EXERCISE DATA:
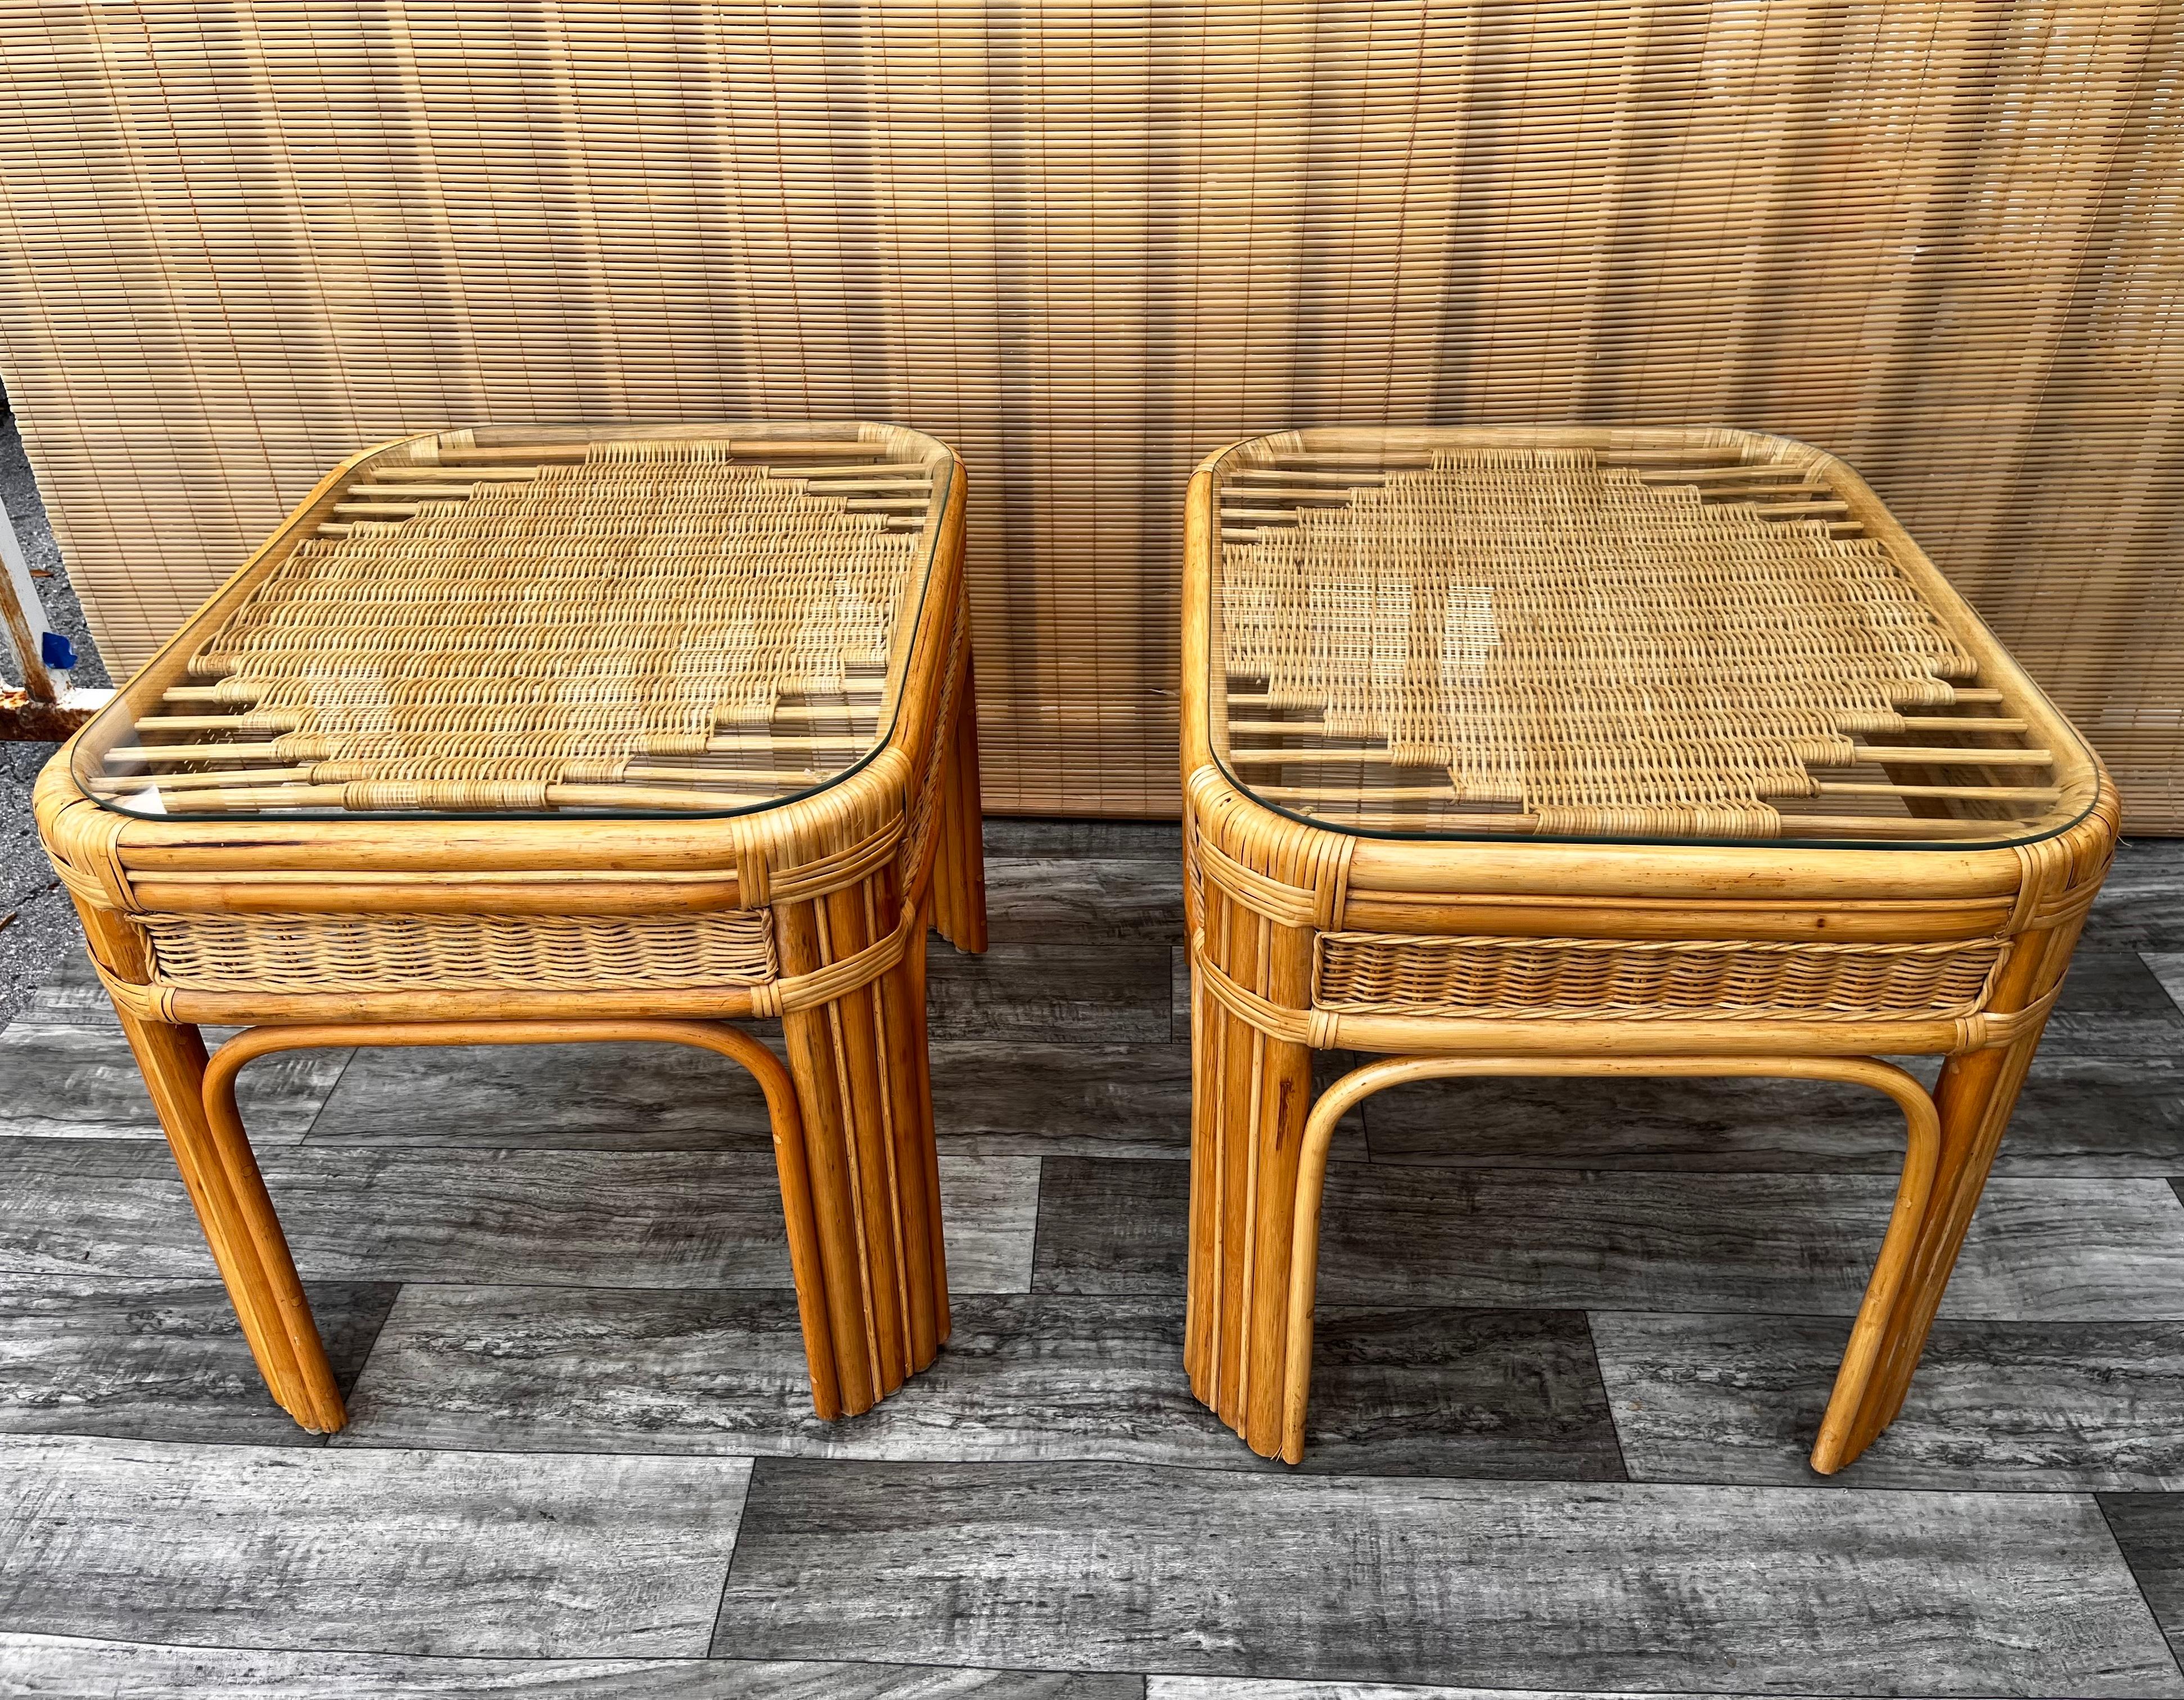 A pair of large late 20th century coastal style weaved rattan side tables. circa late 1980s
Features a beautiful hand woven top detail, rounded corners, finished in a natural rattan color, and a removable glass top.
In excellent original condition
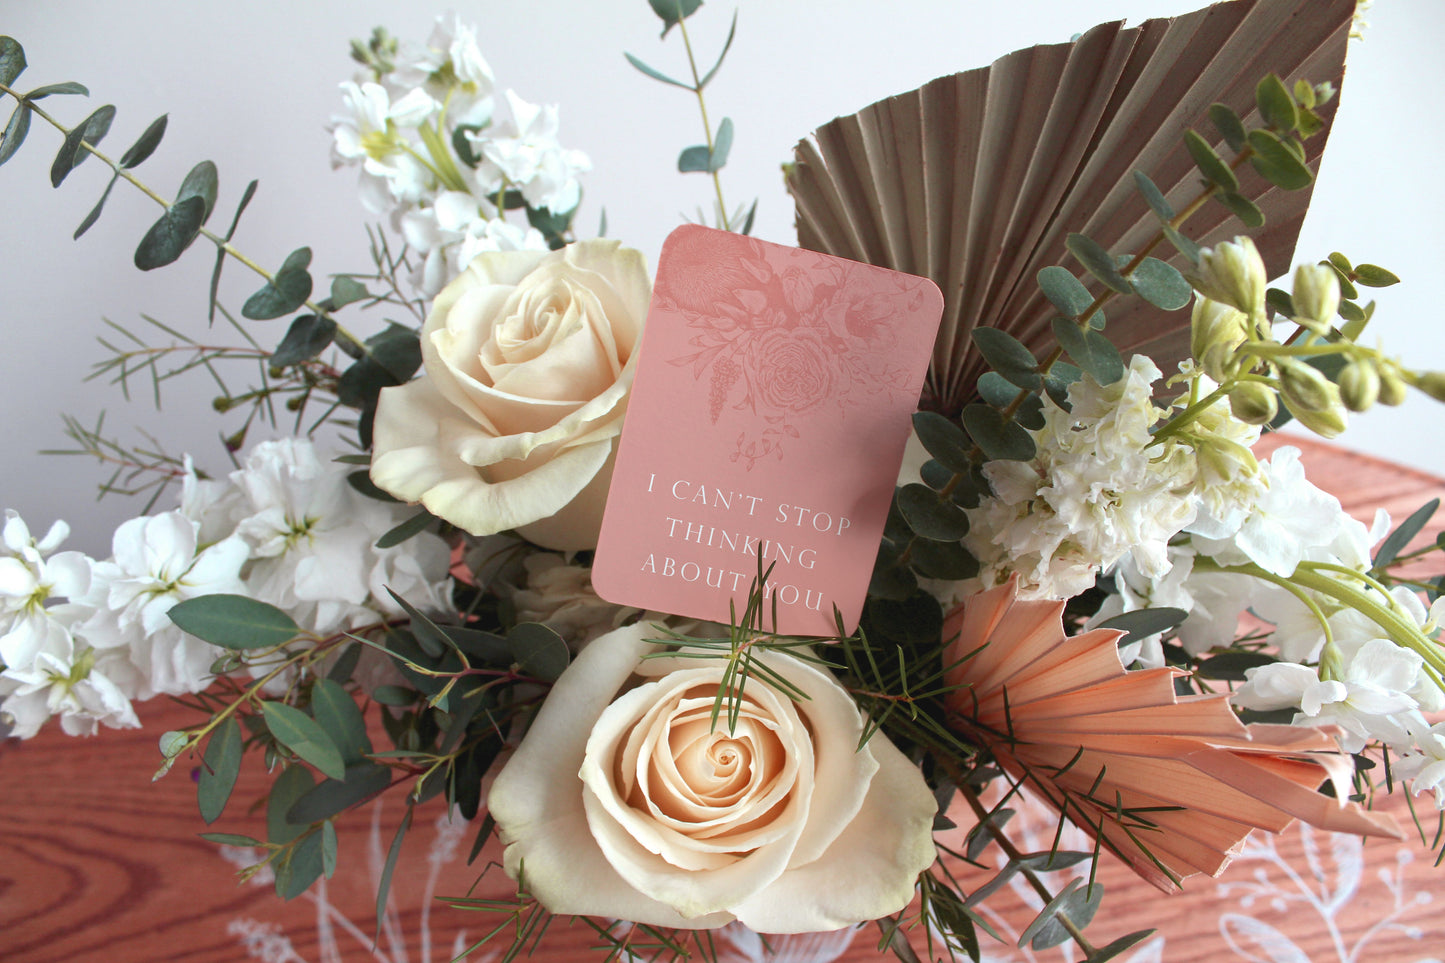 A style shot of "I can't stop thinking about you" minicard in a bouquet of flowers

AIM OF THE EXERCISE: Only the pictures are to be dropped; all other material above must be repeated exactly.

ANSWER SECTION:
 A pair of large late 20th century coastal style weaved rattan side tables. circa late 1980s
Features a beautiful hand woven top detail, rounded corners, finished in a natural rattan color, and a removable glass top.
In excellent original condition
 A style shot of "I can't stop thinking about you" minicard in a bouquet of flowers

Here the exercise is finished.